Р.Макдональд. Обрекаю на смерть: Романы. - Gart, Таллинн, 1991
OCR & SpellCheck: Zmiy (zmiy@inbox.ru), 26 ноября 2003 года
-----------------------------------------------------------------------


Глава I

Мне снился кошмарный сон: в клетке мирно жила странная безволосая
обезьяна. На беду, люди постоянно пытались нарушить ее уединение и
проникнуть внутрь. Это держало обезьяну в напряжении и выводило из себя...
Я проснулся весь в поту, чувствуя, что за дверью кто-то стоит. Не за
входной, а за боковой, которая вела из кухни в гараж. Шлепая босиком по
холодному линолеуму кухни, я заметил в окне первые проблески зари. Тот, кто
находился по другую сторону двери, стучал теперь тихо, но настойчиво. Я
включил наружный свет, повернул ключ и открыл дверь.
От двери под свет голой лампочки гаража неловко отпрянул крепкий
молодой человек в рабочих брюках из грубой бумажной ткани. В его коротко
стриженных волосах запутались соринки. Немигающие светло-голубые глаза
посмотрели на свет со странным умоляющим выражением.
- Выключите свет, прошу вас.
- А я хочу иметь возможность видеть.
- Вот именно. - Он взглянул в распахнутые ворота гаража, выходившие на
тихую серую улочку. - Не хочу, чтобы меня видели.

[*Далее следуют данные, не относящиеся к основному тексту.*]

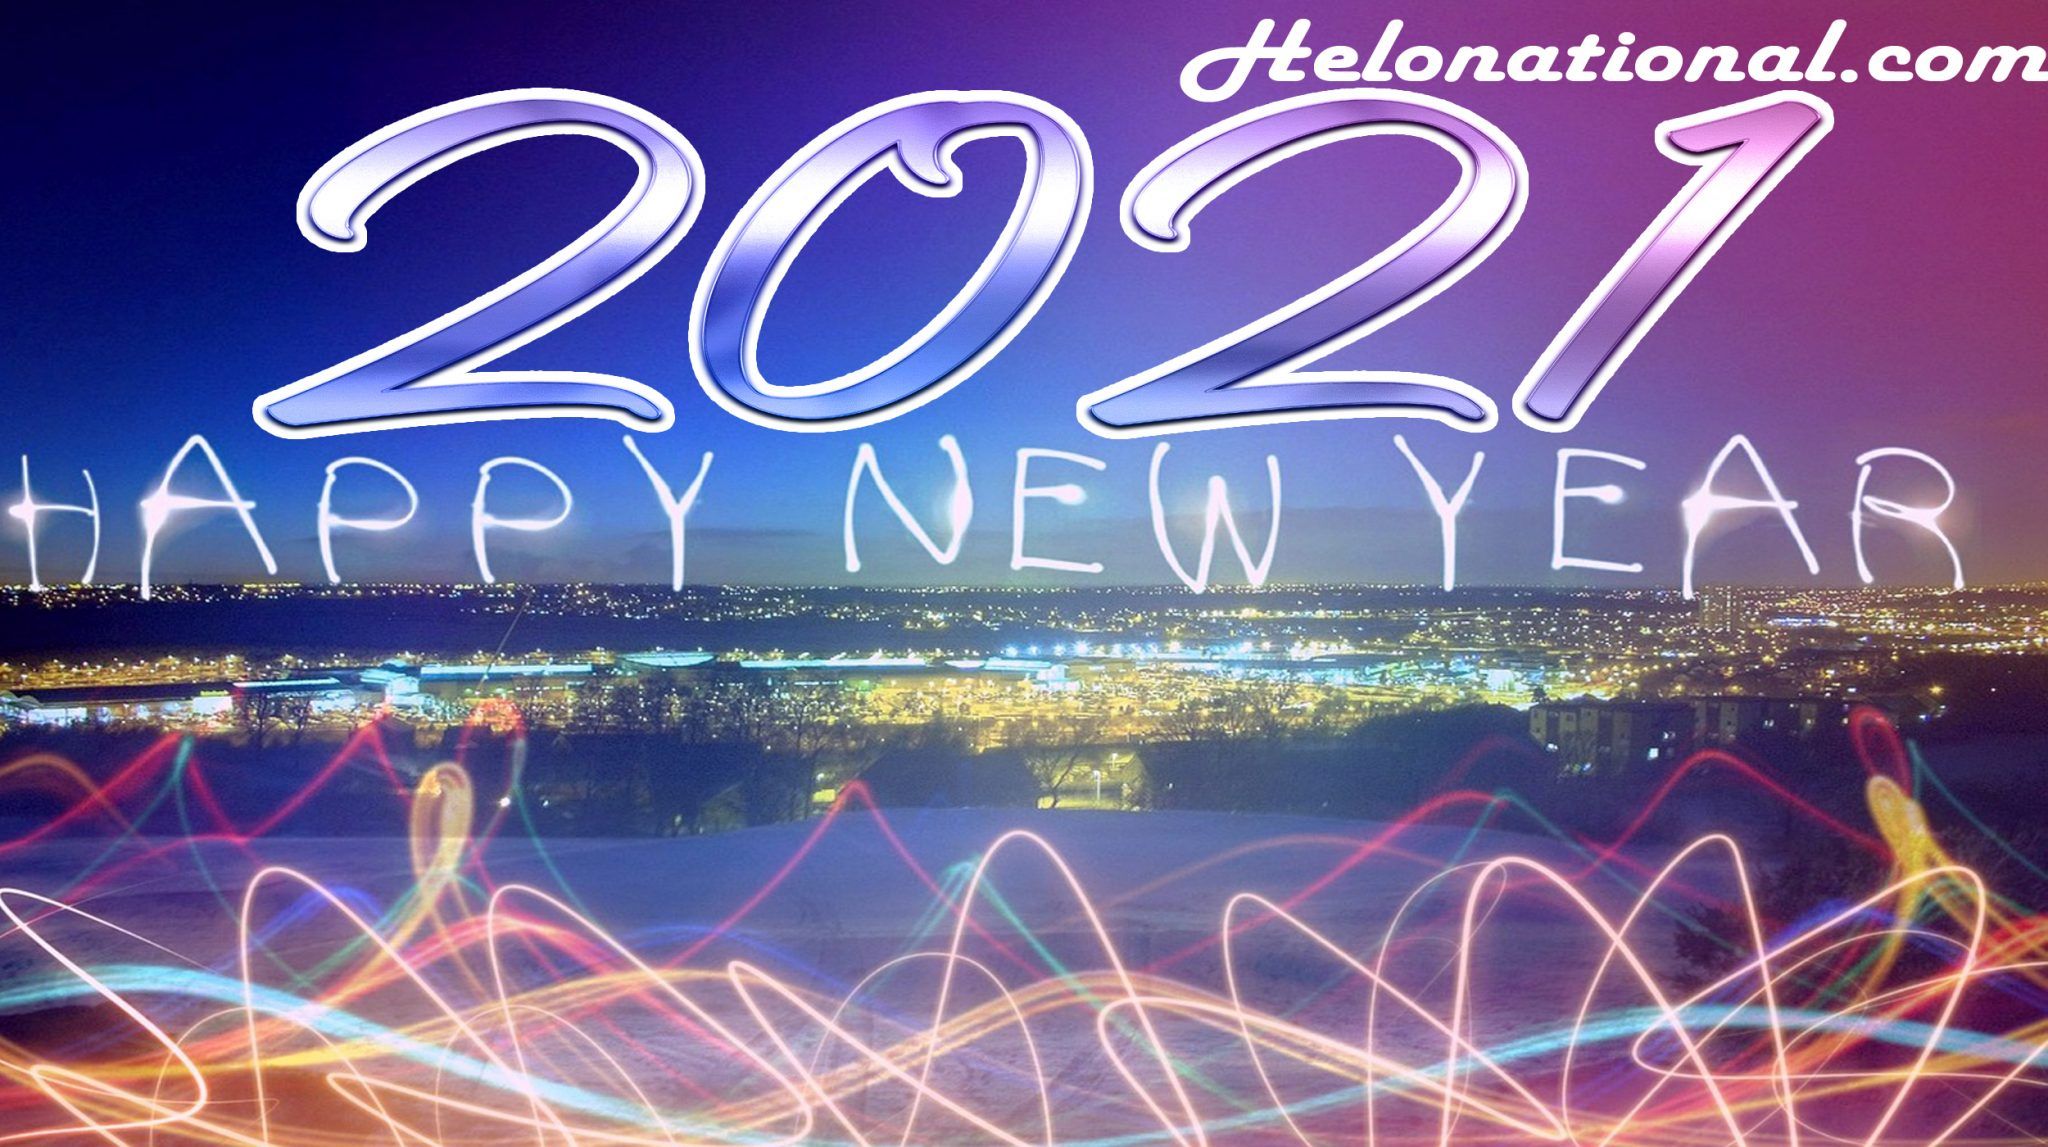 Happy New Year 2021 Image & Wishes: HNY 2021 Collection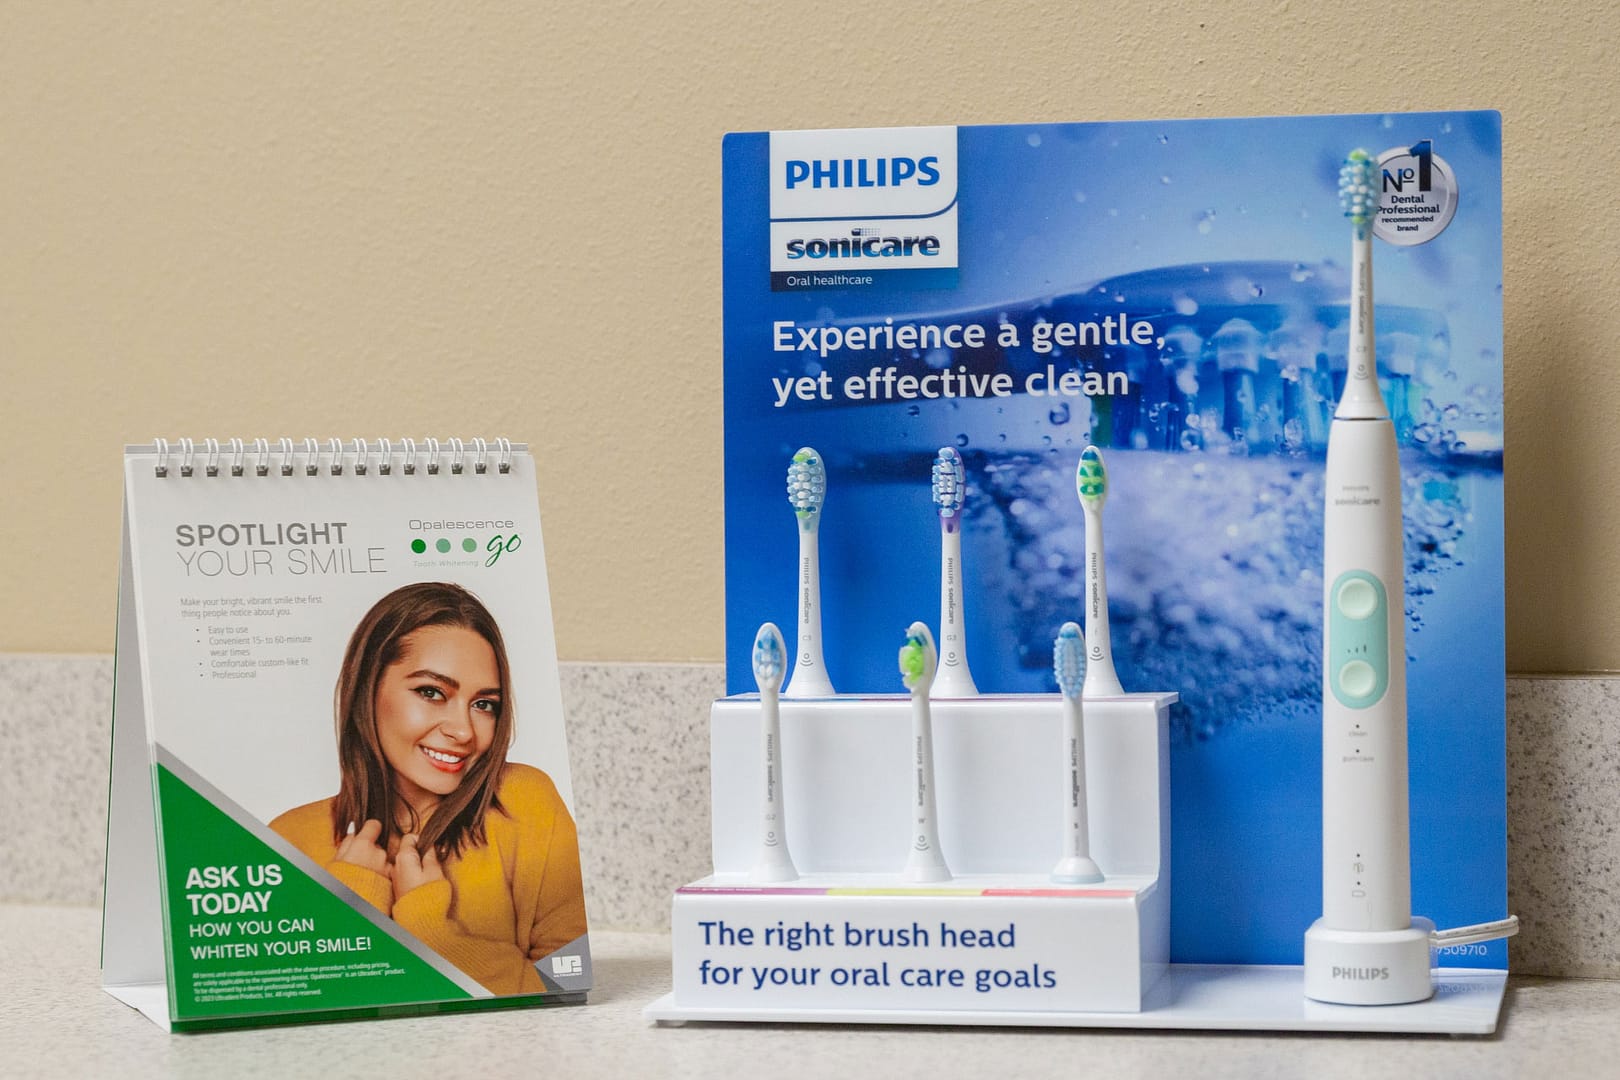 Phillips Sonicare toothbrush display

- Вас никто не держит, можете убираться. - Но, присмотревшись к нему
повнимательнее, я пожалел, что говорил грубо. Его кожа отличалась
желтовато-маслянистым оттенком и отнюдь не из-за освещения. Похоже, ему
было худо.
Он вновь покосился на враждебную улицу.
- Можно я войду? Вы - мистер Арчер, не так ли?
- Для визитов рановато. Я не знаю вашего имени.
- Карл Холлман. Понимаю, сейчас рано, но я не спал всю ночь.
Он покачнулся и ухватился за дверной косяк. Его рука была черной от
грязи и покрыта кровоточащими ссадинами.
- Несчастный случай, авария, Холлман?
- Нет. - Он помолчал в нерешительности и заговорил уже медленнее:
- Да, произошел несчастный случай. Но не со мной. Совсем не то, о чем
вы думаете.
- А с кем?
- С моим отцом. Моего отца убили.
- Сегодня ночью?
- Шесть месяцев назад. Именно по этому поводу я хотел бы получить...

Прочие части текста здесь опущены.